Dots aren’t brought to bear formally in the revolutionary movement until the early 1880’s. Impressionism for all intents and purposes is formed with the Societe Anonyme in 1872 (whose members included Monet, Pissarro, Degas, Sisley, Morisot and eleven others), and perhaps more realistically in 1874 when the Societe exhibited its first salon. (The first show held at the Nadar Studio in Paris in April 1874; a tiny, one month long affair, compared to mammoth exhibitions like the Universal Exposition in Paris in 1867.)
It was Georges Seurat who brought the whole world to the dot experience with his artisitc method of Pointilism, in particular with his magnificent Un dimanche après-midi à l'Île de la Grande Jatte, an enormous work given its composition—dots. The dots replaced the brushstroke, and their placement in relation to their color was an absolutely brilliant innovation, establishing a perfect result for the viewer when examining the work as a whole. (It may well be that the French chemist an designer Michel Chevreul made this discovery a few decades earlier, noticing the effect and changes in color depending on placement and—in his case, with fabric—color in the dyes for his material.)

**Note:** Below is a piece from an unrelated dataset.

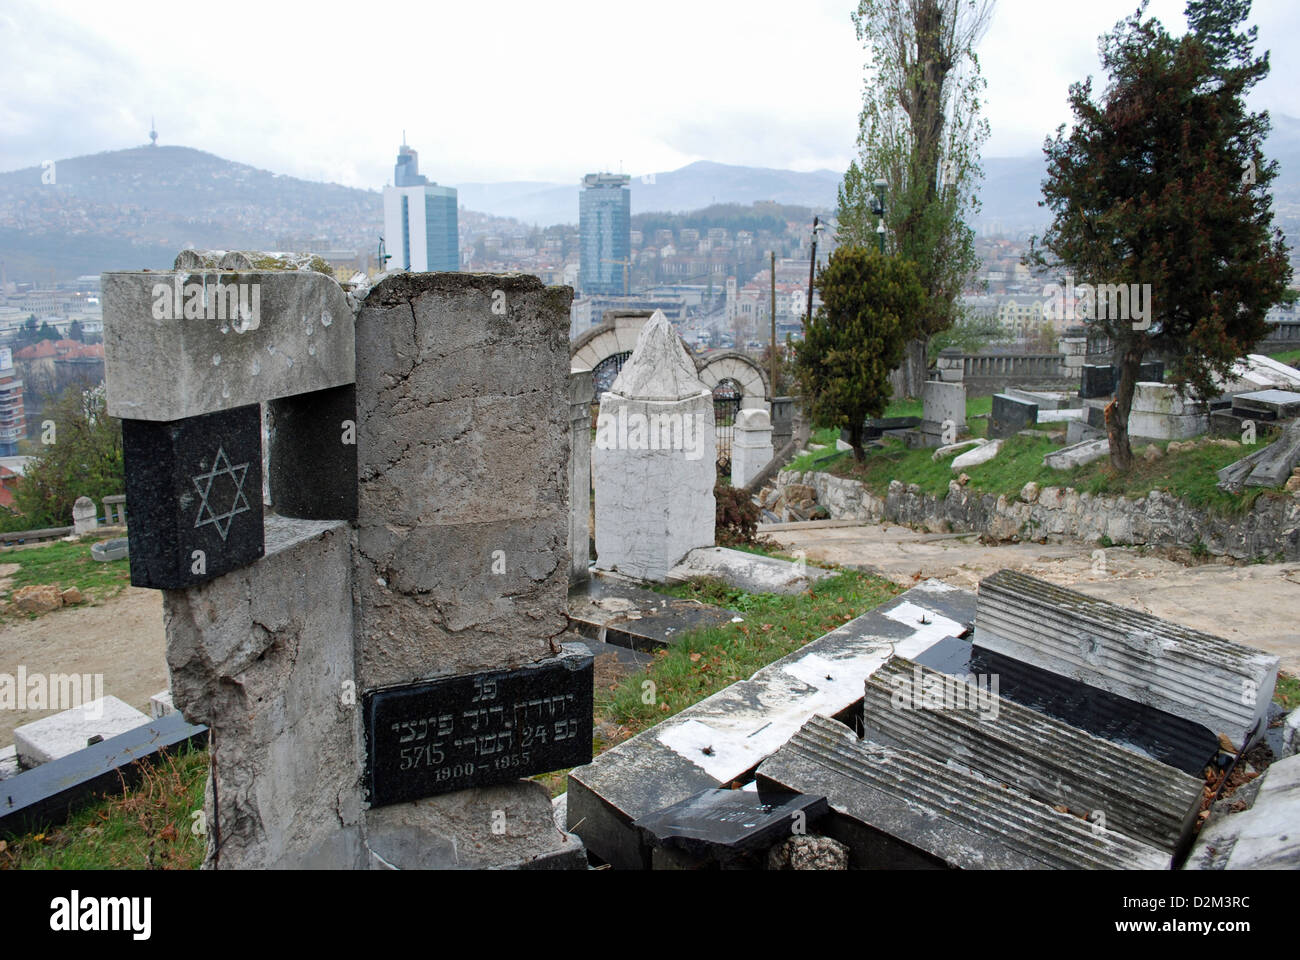 Des tombes juives endommagé par des coups de feu au cours du siège de Sarajevo. Le cimetière sur le mont Trebevic était occupé par les snipers serbes. Banque D'Images

Wassily Kandinsky (1866-1944), the discoverer of nothingness in art and the introduction of the first non-representational paintings in art history (1913) used his fair share of dots in his exploration of the previously invisible. One good example is his 9 Points in Ascendance (1918), which is nothing but black dots, an impossible composition just two decades prior to its creation.
In the middle of this appeared the half-tone illustration, the great liberator of photographic illustration in popular publication. Invented in the late 1870’s by Stephen Henry Horgan and used in the Illustrated London News for the first time in 1881, it made the publication of accurate images much feasible and economical. No longer were readers dependent on the accuracies of artists interpreting photographs or photographed scenes—the photographs themselves were now publishable at little cost and in high quality, vastly increasing the veracity of published reports dependent upon images. This was revolutionary in its own way, democratizing the sharing of images and icons.
And so in just thirty years the lowly dot availed itself of some of the most spectacular achievements in modernism. Of course we can say the same of the line, but this is, after all, a history of dots.